Sistem Deteksi Intrusi dapat memperingatkan kita terhadap DDOS, brute force, eksploitasi, kebocoran data, dan banyak lagi, ini memonitor jaringan kita secara real time dan berinteraksi dengan kita dan dengan sistem kita saat kita memutuskan.
Di LinuxHint kami sebelumnya mendedikasikan dua tutorial Snort, Snort adalah salah satu Sistem Deteksi Intrusi terkemuka di pasar dan mungkin yang pertama.

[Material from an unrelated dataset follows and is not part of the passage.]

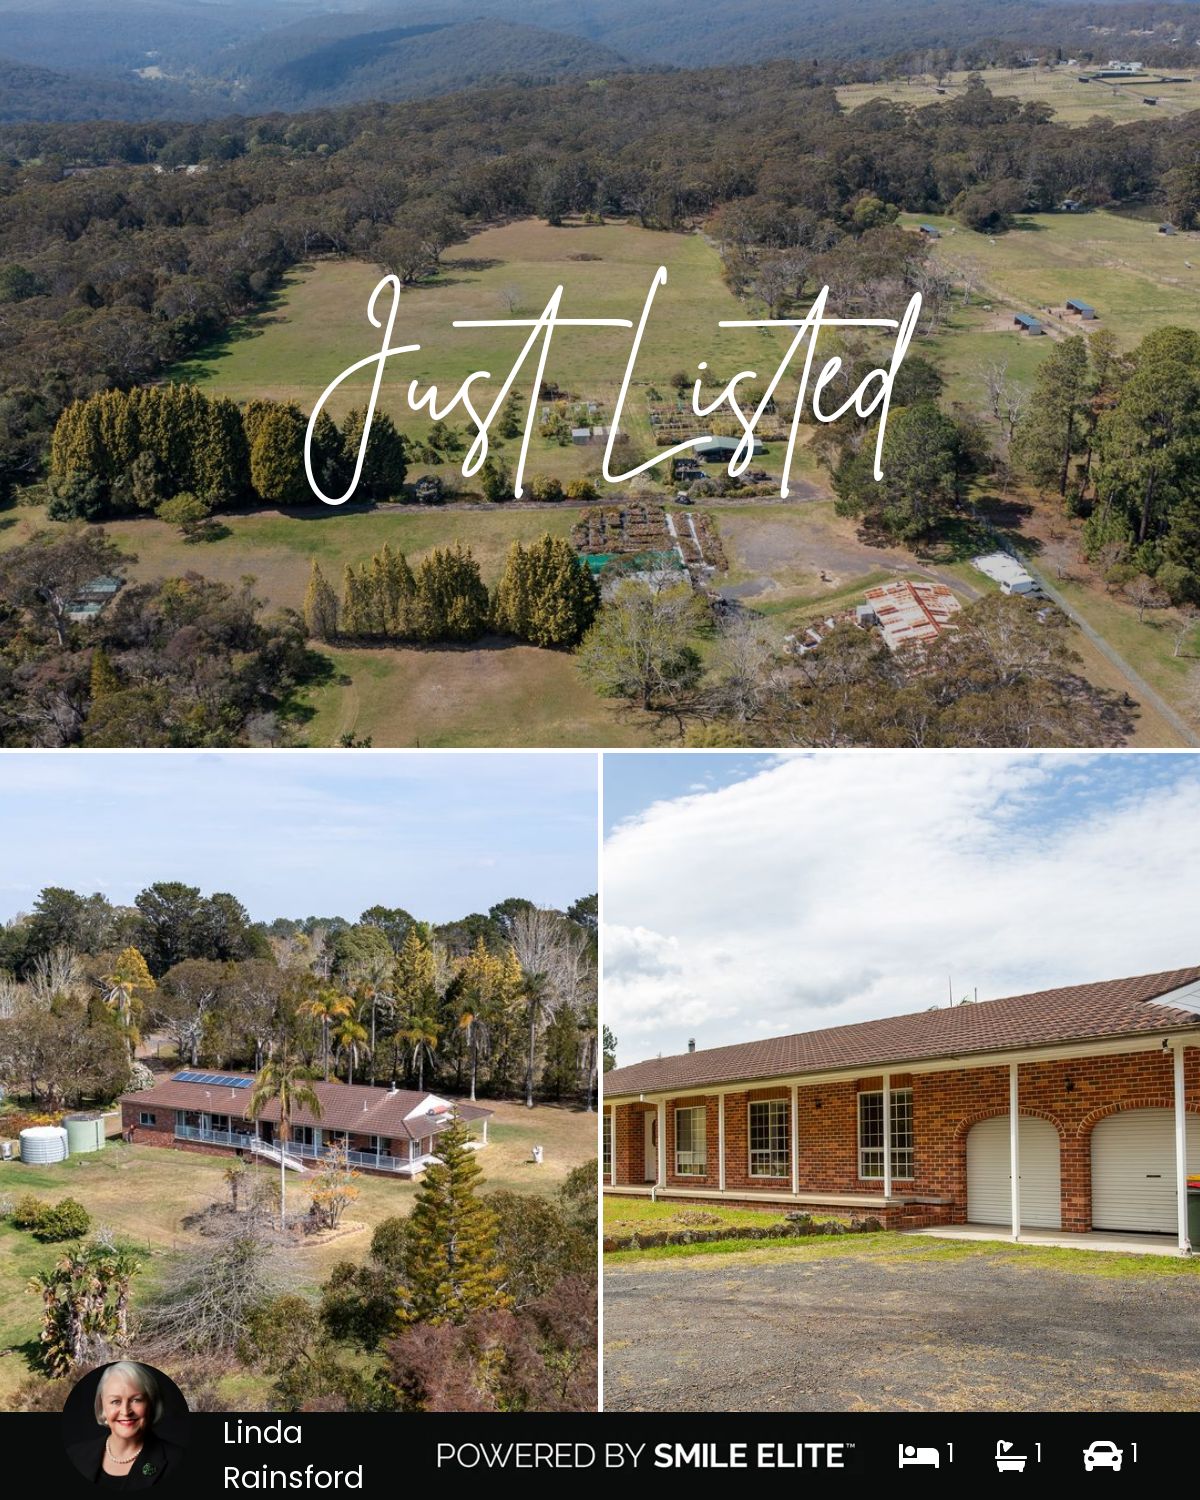 900 Wisemans Ferry Road, Somersby, NSW 2250 | Realty.com.au

Artikelnya adalah Menginstal dan Menggunakan Sistem Deteksi Intrusi Snort untuk Melindungi Server dan Jaringan serta Mengonfigurasi Snort IDS dan Membuat Aturan.
Kali ini saya akan menunjukkan cara men-setup OSSEC. Server adalah inti dari perangkat lunak, berisi aturan, entri acara, dan kebijakan saat agen diinstal pada perangkat untuk dipantau. Agen mengirimkan log dan menginformasikan insiden ke server. Dalam tutorial ini kita hanya akan menginstal sisi server untuk memantau perangkat yang digunakan, server sudah berisi fungsi agen ke perangkat yang diinstal.
Instalasi OSSEC:
Pertama-tama jalankan:
apt instal libmariadb2Untuk paket Debian dan Ubuntu Anda dapat mengunduh OSSEC Server di https://updates.atomorp.com/channels/ossec/debian/pool/main/o/ossec-hids-server/
Untuk tutorial ini saya akan mengunduh versi saat ini dengan mengetik di konsol:
wget https://update.atomorp.com/channels/ossec/debian/pool/main/o/ossec-hids-server/ossec-hids-server_3.3.0.6515stretch_amd64.deb
Lalu lari:
dpkg -i ossec-hids-server_3.3.0.6515stretch_amd64.deb
Mulai OSSEC dengan menjalankan:
/var/ossec/bin/ossec-kontrol mulai
Secara default, penginstalan kami tidak mengaktifkan notifikasi email, untuk mengeditnya ketik
nano /var/ossec/etc/ossec.konfPerubahan
Untuk
Dan tambahkan:
tekan ctrl+x dan kamu untuk menyimpan dan keluar dan memulai OSSEC lagi:
/var/ossec/bin/ossec-kontrol mulai
catatan: jika Anda ingin menginstal agen OSSEC pada jenis perangkat yang berbeda:
wget https://update.atomorp.com/channels/ossec/debian/pool/main/o/ossec-hids-agent/ossec-hids-agent_3.3.0.6515stretch_amd64.deb
dpkg -i ossec-hids-agent_3.3.0.6515stretch_amd64.deb
Sekali lagi mari kita periksa file konfigurasi untuk OSSEC
nano /var/ossec/etc/ossec.konfGulir ke bawah untuk mencapai bagian Syscheck
Di sini Anda dapat menentukan direktori yang diperiksa oleh OSSEC dan interval revisi. Kami juga dapat menentukan direktori dan file untuk diabaikan.
Untuk mengatur OSSEC untuk melaporkan acara secara real time, edit baris
Untuk
/usr/sbin
Untuk menambahkan direktori baru untuk OSSEC untuk memeriksa tambahkan baris:
Tutup nano dengan menekan CTRL+X dan kamu dan ketik:
nano /var/ossec/rules/ossec_rules.xml
File ini berisi aturan OSSEC, level aturan akan menentukan respons sistem. Misalnya, secara default OSSEC hanya melaporkan peringatan level 7, jika ada aturan dengan level lebih rendah dari 7 dan Anda ingin mendapatkan informasi saat OSSEC mengidentifikasi insiden, edit nomor level untuk 7 atau lebih tinggi. Misalnya jika Anda ingin mendapatkan informasi saat host diblokir oleh Respons Aktif OSSEC, edit aturan berikut:
Untuk:
Alternatif yang lebih aman adalah dengan menambahkan aturan baru di akhir file yang menulis ulang aturan sebelumnya:
Sekarang kita telah menginstal OSSEC di tingkat lokal, pada tutorial berikutnya kita akan mempelajari lebih lanjut tentang aturan dan konfigurasi OSSEC.
Saya harap Anda menemukan tutorial ini berguna untuk memulai dengan OSSEC, terus ikuti LinuxHint.com untuk kiat dan pembaruan lainnya di Linux.